◆ Collected data ◆
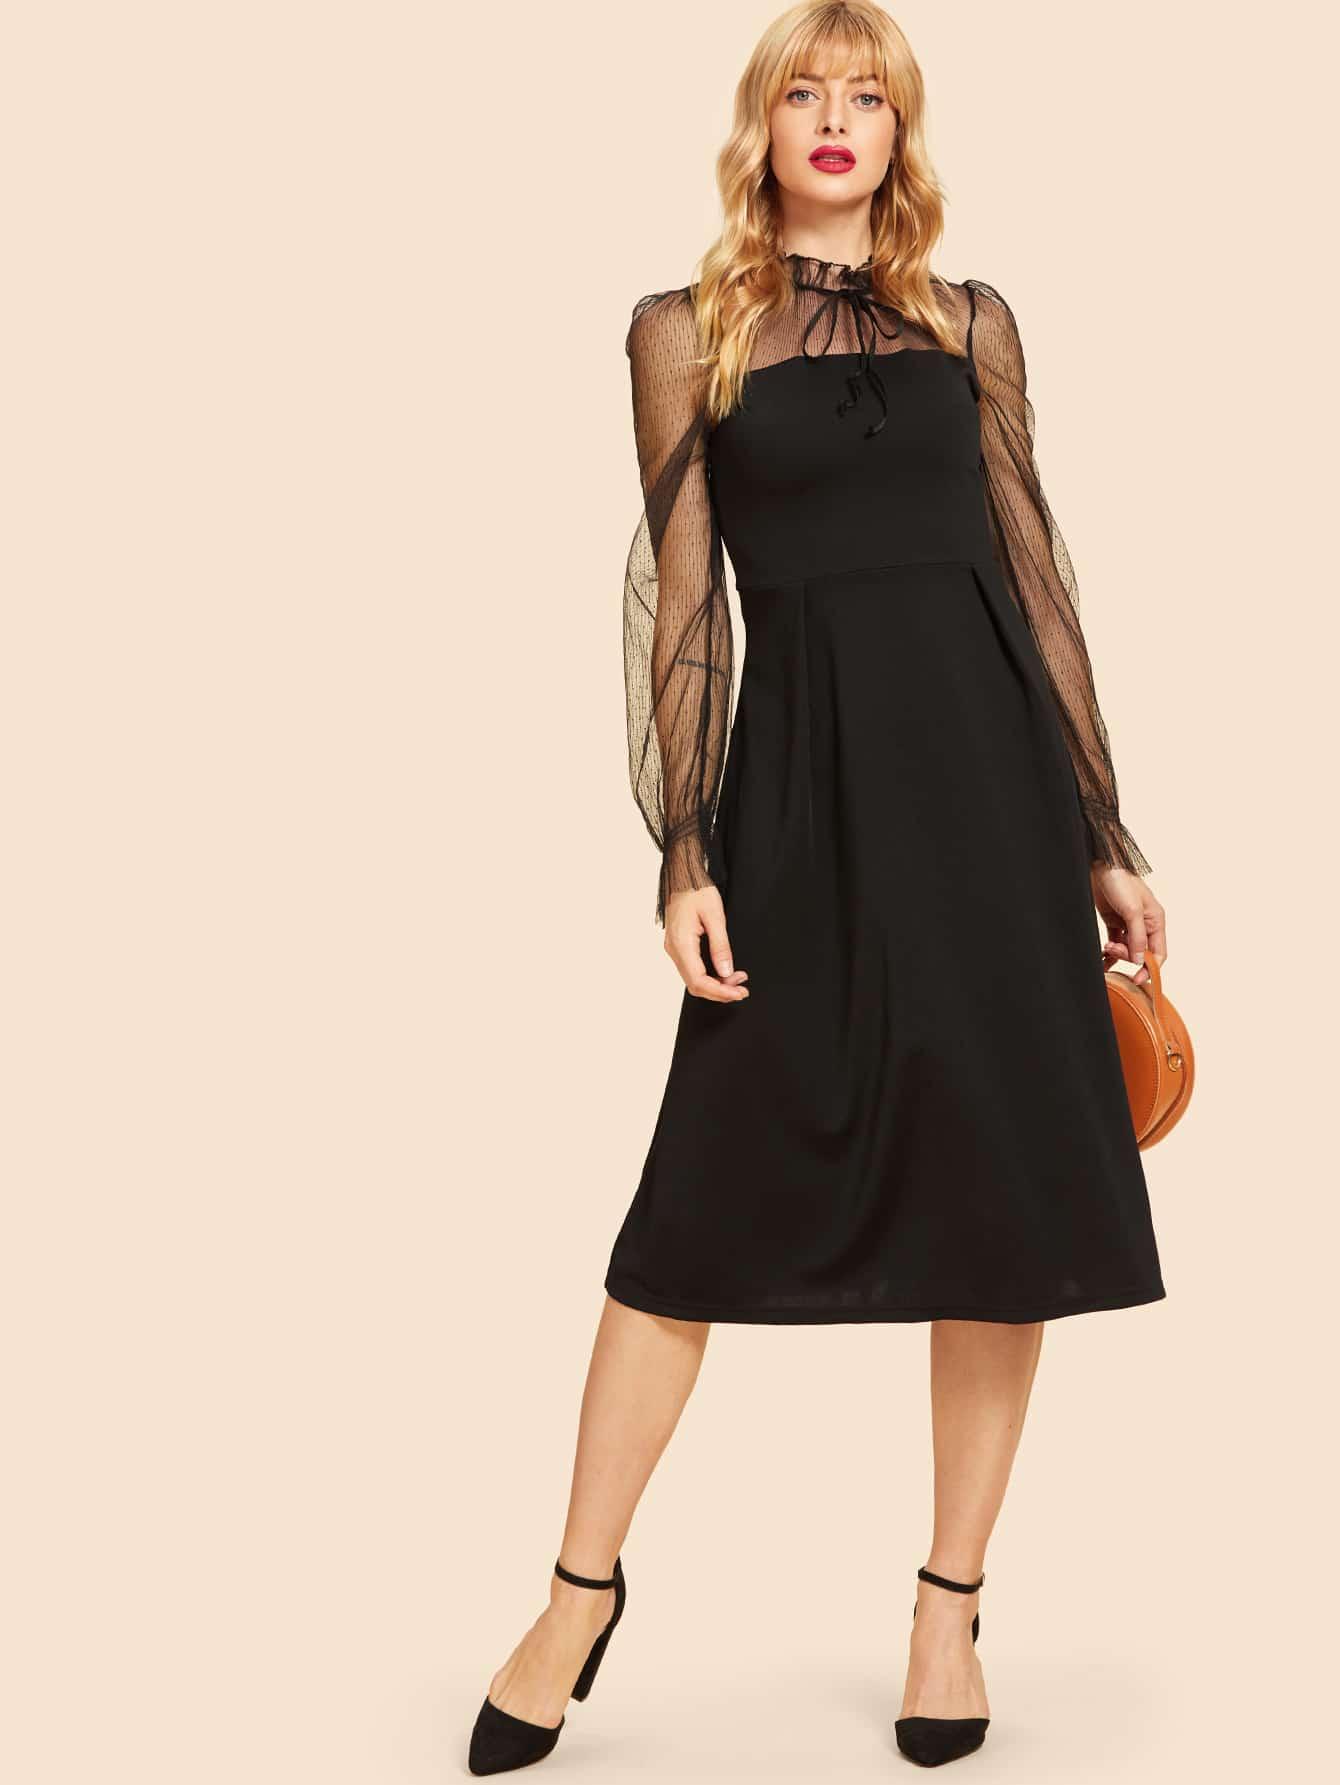 Купить Симметрическое сетчатое платье с кружевными оборками, Masha, SheIn
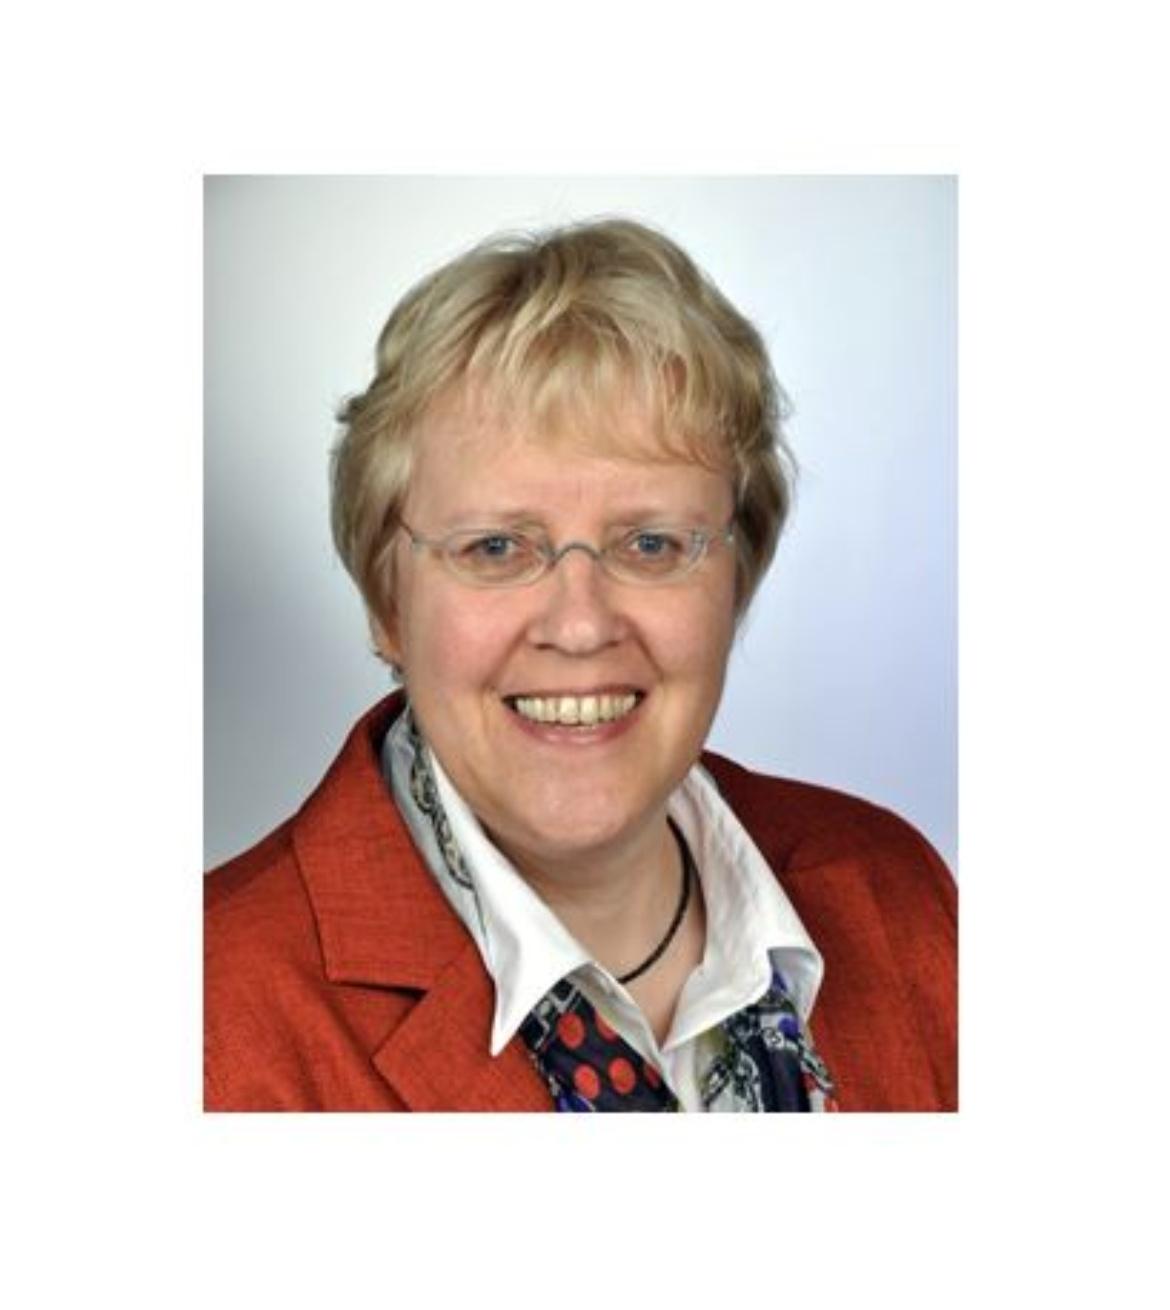 Professorin Sabine Holtz (c)
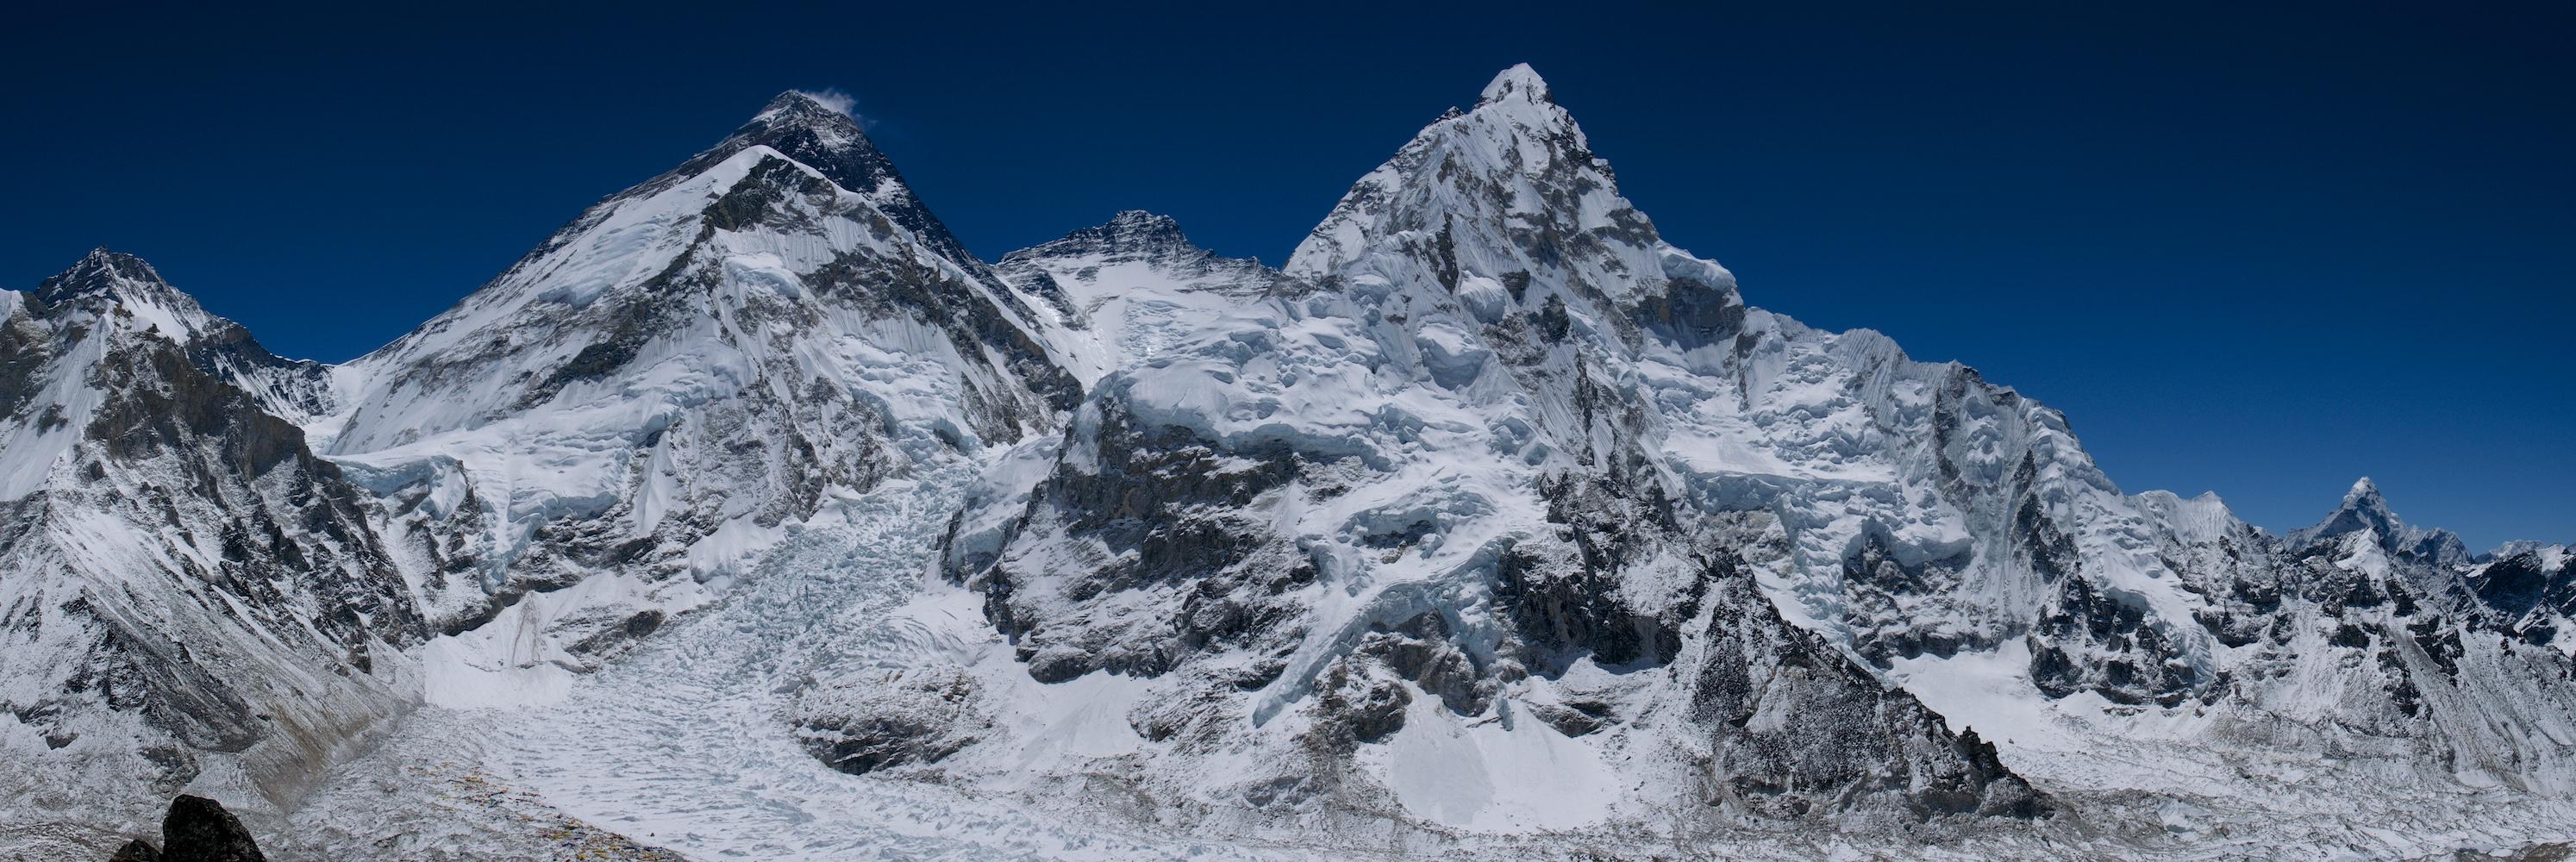 Everestin massiivi ja Khumbu-jäätikkö
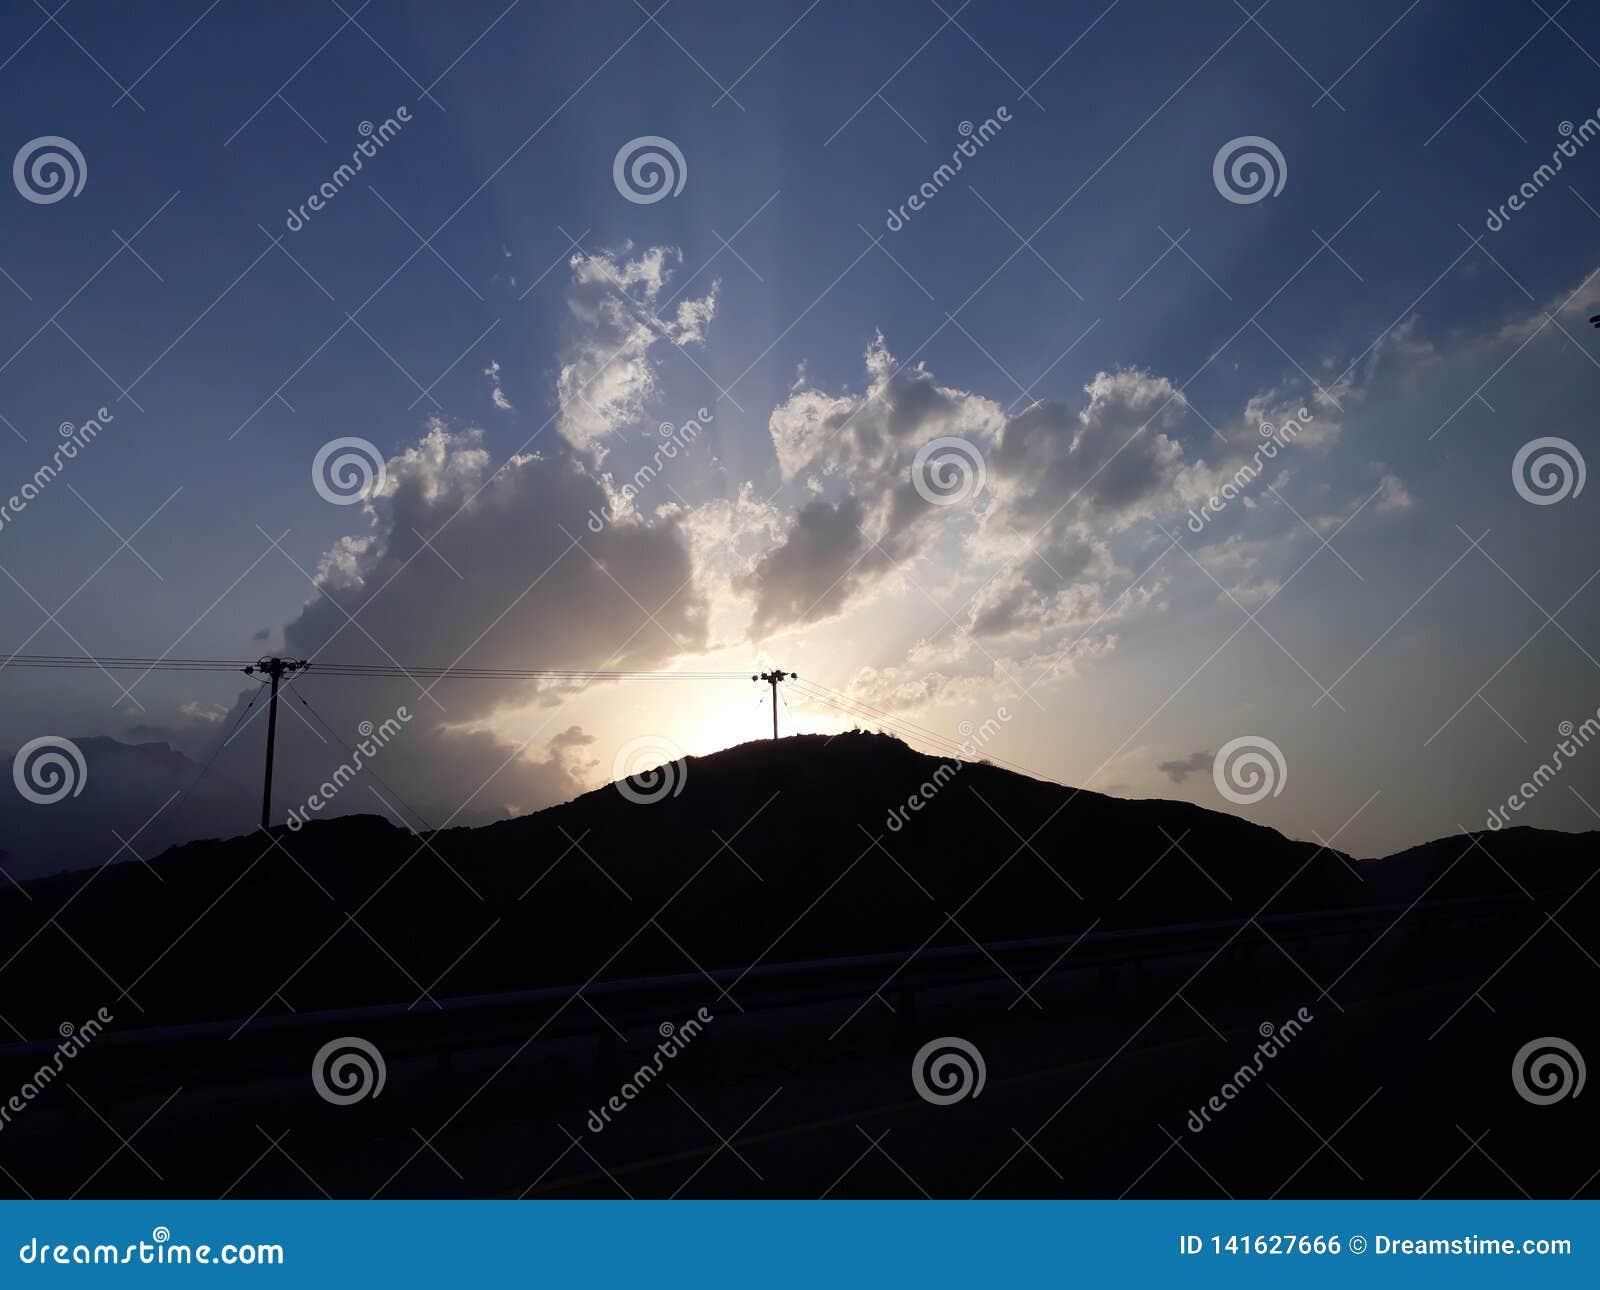 Sol som försöker att fördela dess ljus, medan moln försöker att täcka det De solstrålar ser härliga

◆ About this exercise ◆
The data is to be returned exactly as it stands, pictures aside.

◆ Answer space ◆
 Купить Симметрическое сетчатое платье с кружевными оборками, Masha, SheIn
 Professorin Sabine Holtz (c)
 Everestin massiivi ja Khumbu-jäätikkö
 Sol som försöker att fördela dess ljus, medan moln försöker att täcka det De solstrålar ser härliga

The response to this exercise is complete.